Most distressingly, Delmer's secret stash of limes had been destroyed in the fire. His original plan would have to be abandoned in favour of a limeless scheme of some sort.
He contemplated his options.
He could just not bother responding. Some said that living well was the best revenge. But if he did that, Biscotti would probably live just well, if not better. Some revenge. Clearly, such people were stupid and should be ignored.
He could fight fire with fire. But if he did that, people would brand him as unoriginal. Plus, Biscotti clearly knew how to use fire. Fighting a man with the weapon of his choice was usually a recipe for failure.
The only remaining option was to get revenge in a new and unique way. This had the great disadvantage of requiring some creative thinking, but he had managed to come up with that whole lime thing. Surely his creative wit would avail itself to him once again.
He paced the small room and pondered. Lemons. Limes. Fish sticks. What, oh, what could he use to extract his revenge. Suppose he convinced the local parish that Capo Biscotti was starting a cult that professed the gods to be some sort of undead river fish. Trout, perhaps. Yes, a Zombie Trout-worshipping cult. No limes needed. He could bribe Biscotti's bakery employees to testify that the breads being sold were sometimes made with trout meat.

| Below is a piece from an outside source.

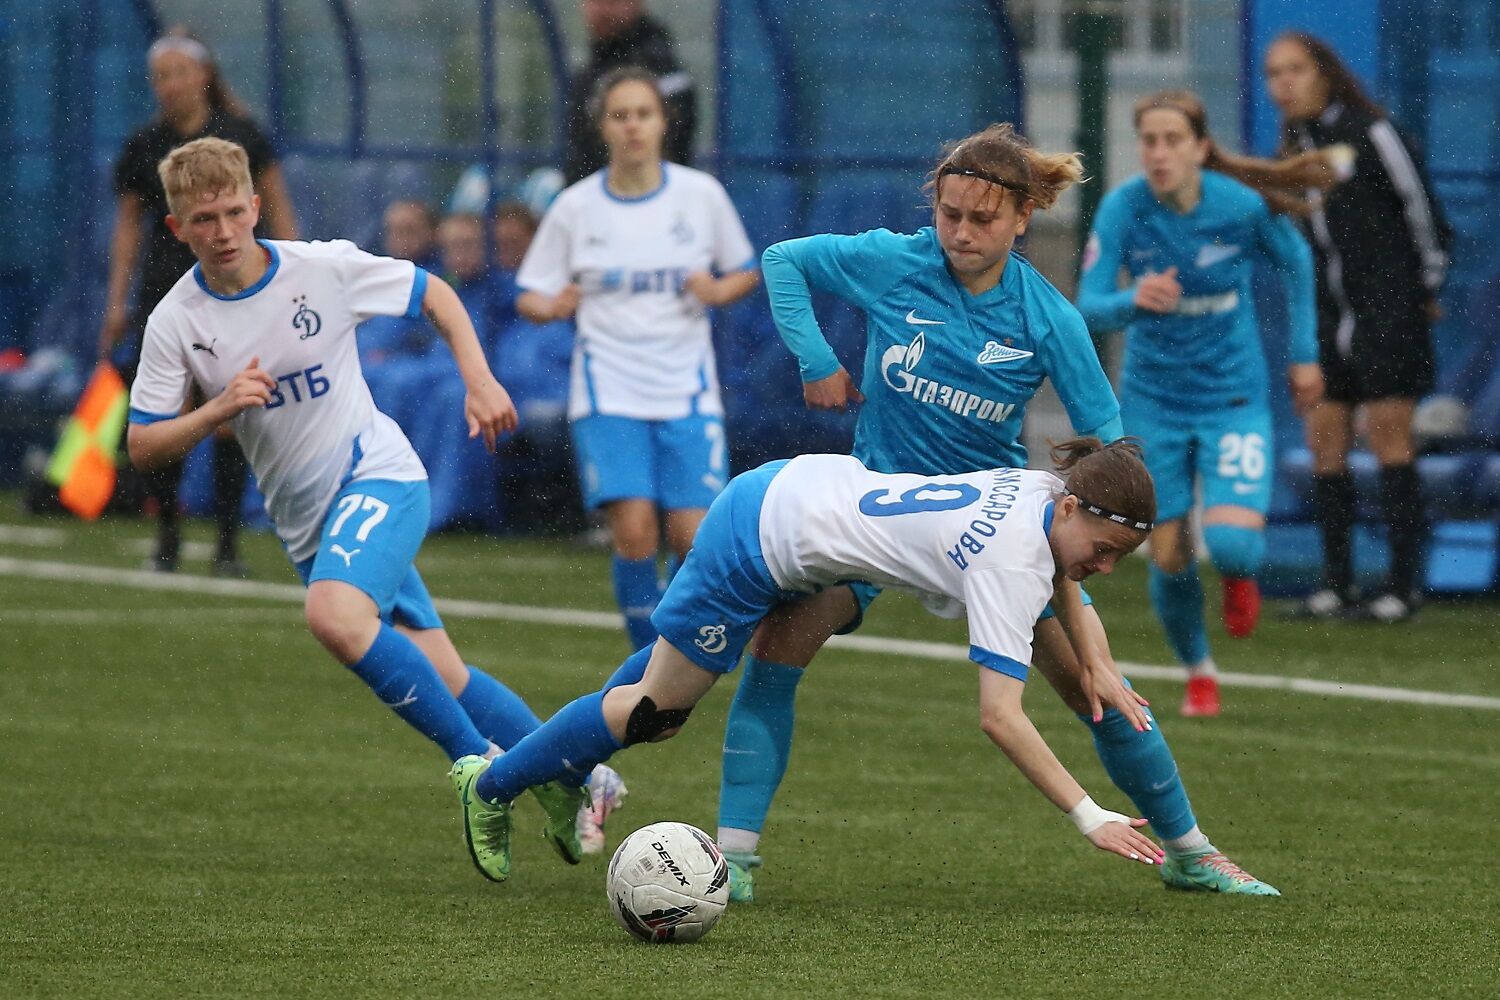 Photo gallery from match against Zenit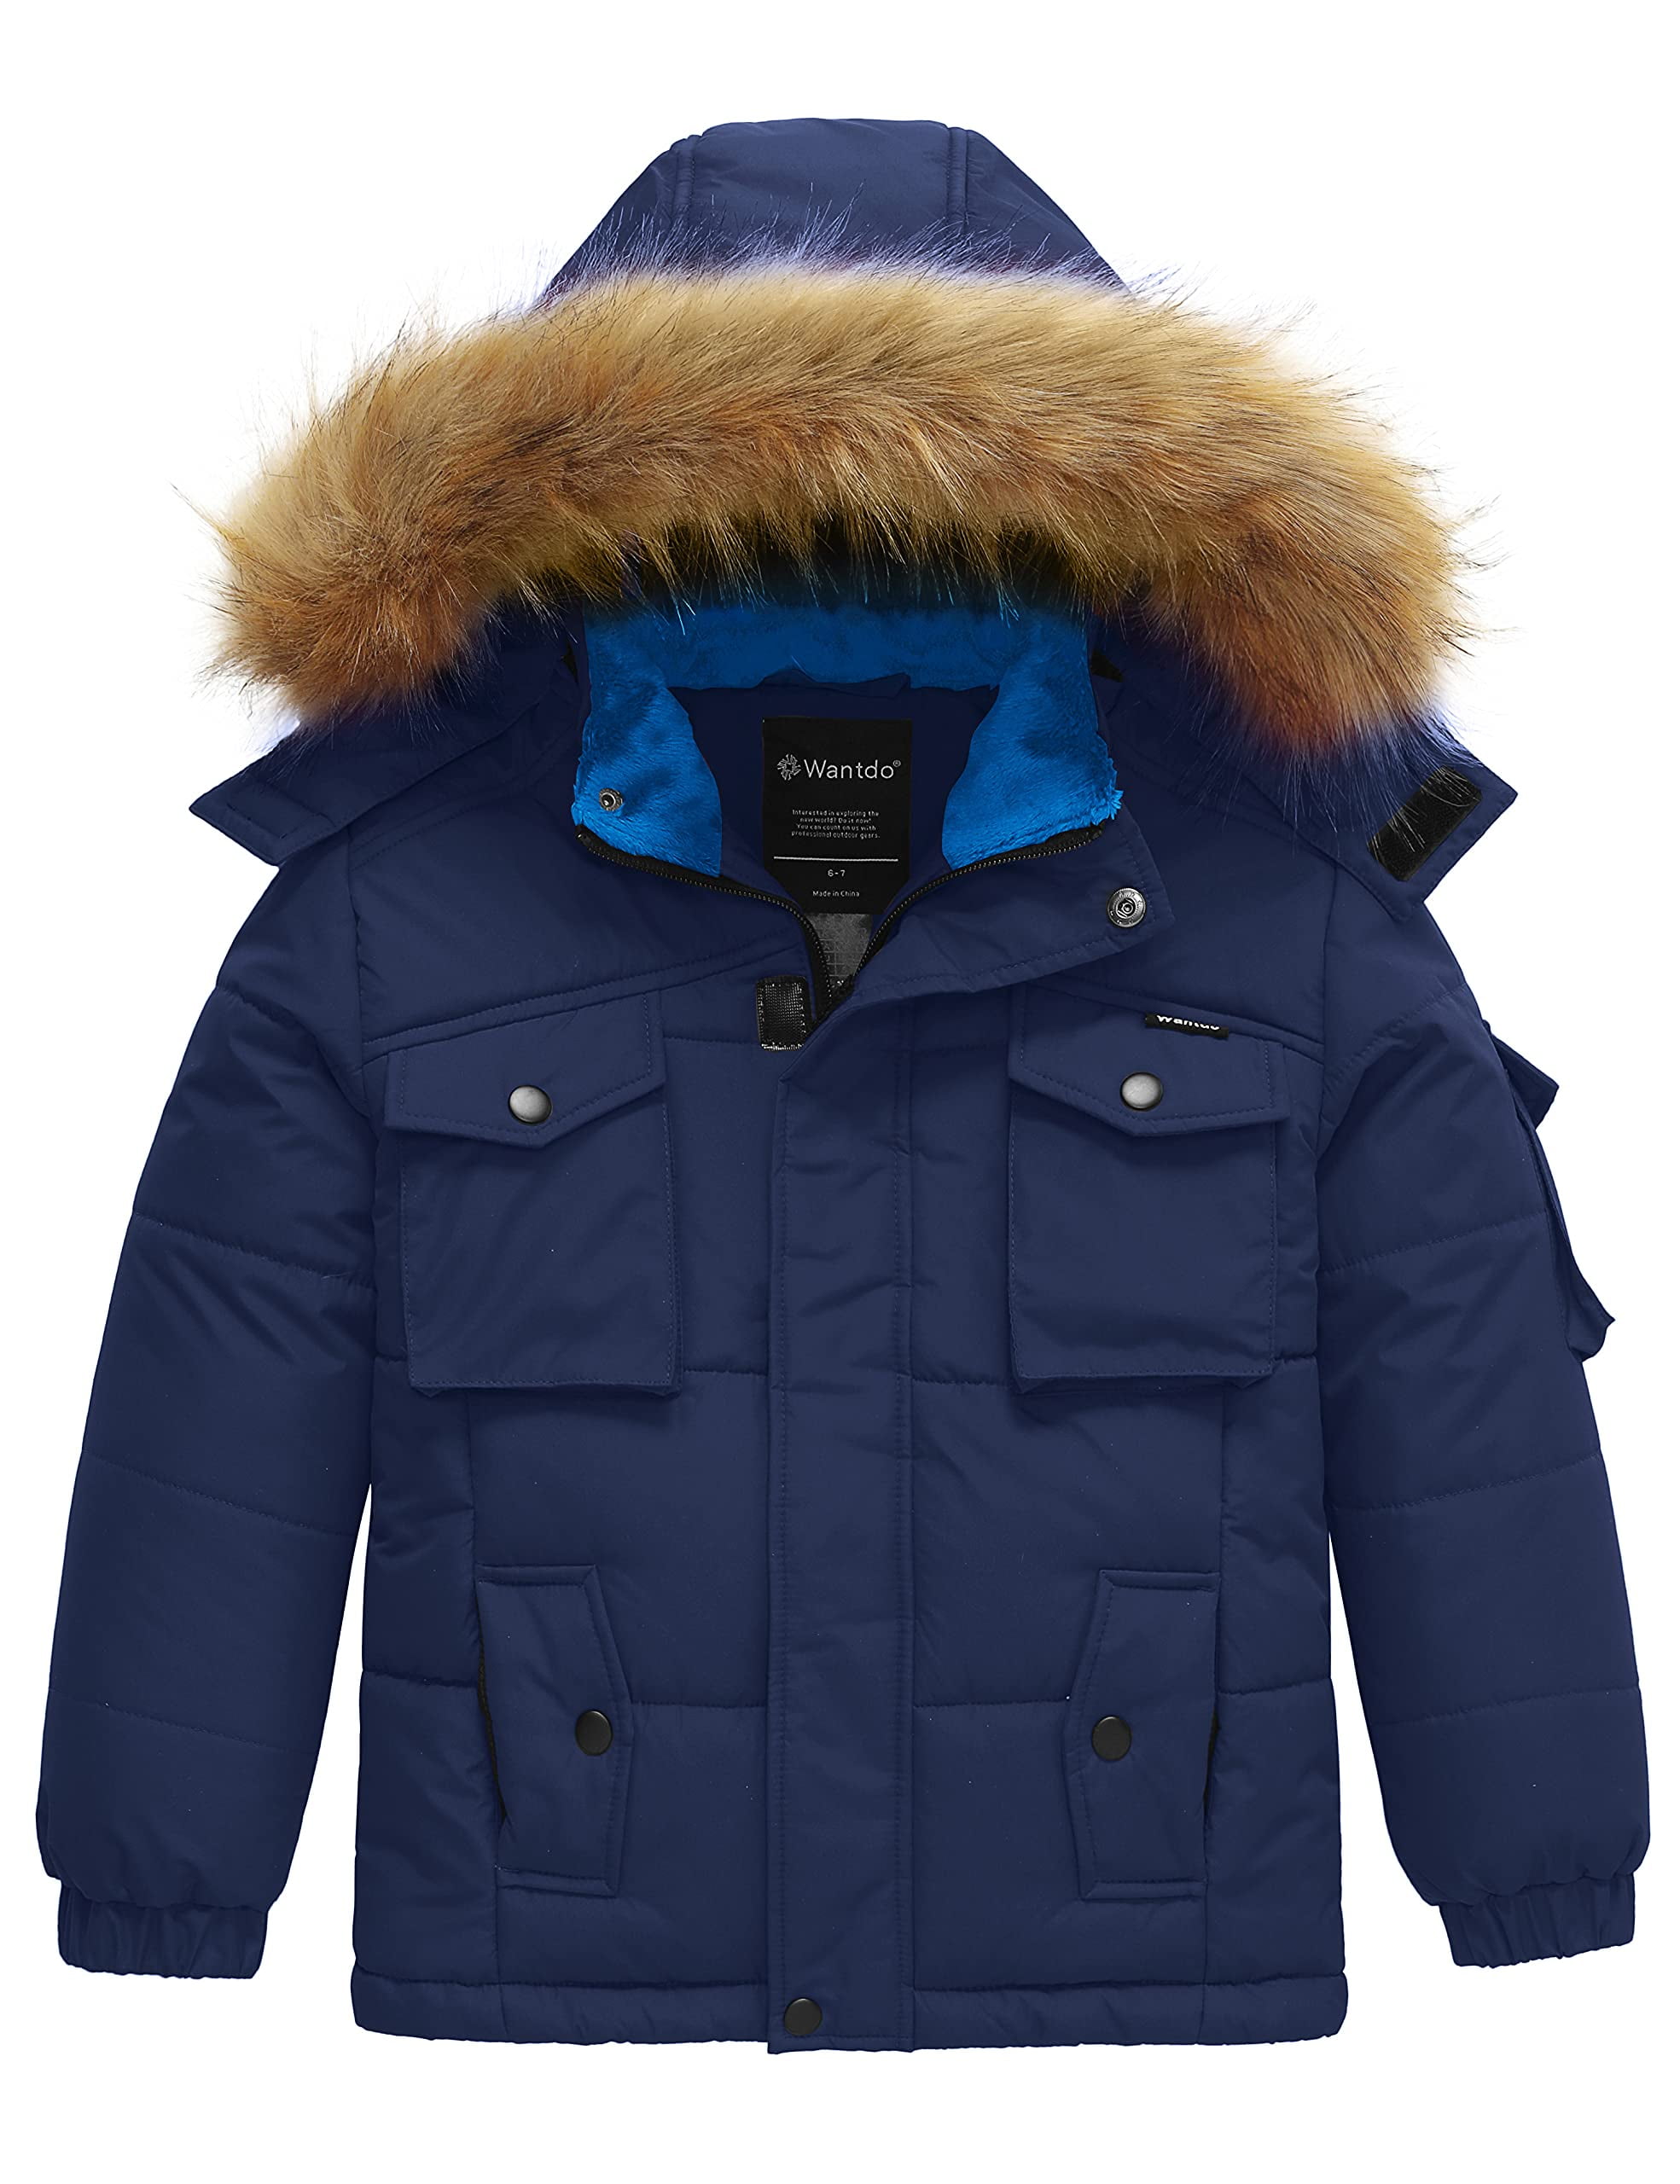 Wantdo Boys Padded Winter Coat Water-Resistant Puffer Jacket with Removable Hood

There was a certain amount of risk to this plan, of course. If anyone realised that /he/ was the one who had come up with the thoroughly sick-minded and heretical idea of Zombie Trout gods then they're probably run him out of town and then burn him at he stake just outside the town border. Every major city kept a stake just outside the town border for heretic burning, though none had been used for a hundred years.
Wondering where he could find some trout meat, Delmer decided it was time to call up some of his old contacts.
The four men walked along in silence, their way lit by a small lantern held aloft by Dallywonk.
'I think we're going too far north,' said Filcher.
'I must humbly put forth that you are mistaken. I myself was about to say we were going too far south,' put in Breck.
'No, my good sirs, we're going due east, just like we should,' said Dudders. 'Rest assured, when the Sun rises, it will be right in front of us.'
'Look at the stars, my good man!' insisted Filcher. 'If we were going due east, the north star would be directly to our left. But do your noble eyes see any stars to our left?'
'I do not see any stars, honourable sir, but there are clouds obscuring the view. We could end up heading due north were we to just pick any old path where we didn't see the north star dead ahead. Or due south. Astronomy won't help us, I respectfully submit.'
'Which is why /I/ was simply looking at the lay of the land,' commented Dudders. 'We're going uphill. The ocean should be downhill, because it's filled with water that drained off the land. So we're going east. Surely two wise souls such as yourselves will recognise the wisdom of this reasoning.'
'Your reasoning is most ingenious, I will readily admit. However, I fear it is fallacious. We are going uphill because we are on the south side of the mountain and heading north. If we were on the eastern side going west then we would verily be going towards the ocean, yet still we would be walking uphill. The ocean isn't the bottom of a nice smooth bowl. The land is fraught with pocks and bumps.'
'Alas, there is some truth in your words, as one would expect from a noble gentleman such as yourself, but you must admit that it is still a better guess than stars we can't see. In our circumstances, the stars are of no use to us.'
'Stars are not useless, my good man. They're what the wise sailors use when navigating the sea in search of new fish.'
'You speak truthfully indeed, for stars are the guiding lights for sailors during their long journeys, but surely not when clouds fill the sky. Surely they do not say "Ah, no light from the north star is reaching us, so we must be heading south at the speed of light?" No, indeed! When there is no Moon and no Sun and no stars, they cannot rely on such things any more than we can. Such is our predicament.'
'We're going where the path leads,' said the Sergeant firmly, intending to put an end to the bickering. 'When people travel out here, it's to go to and from the coast. So long as we follow the path, we're either going east or west, and we know we're not going west, as that would take us straight back to camp. Do you see camp anywhere, my fine companions? I trust you do not. This is east.'
The others looked at him in awe. 'Most impressive!' said Dudders. 'It is no wonder that you're the Sergeant. That is most wise.' Filcher and Breck nodded in agreement.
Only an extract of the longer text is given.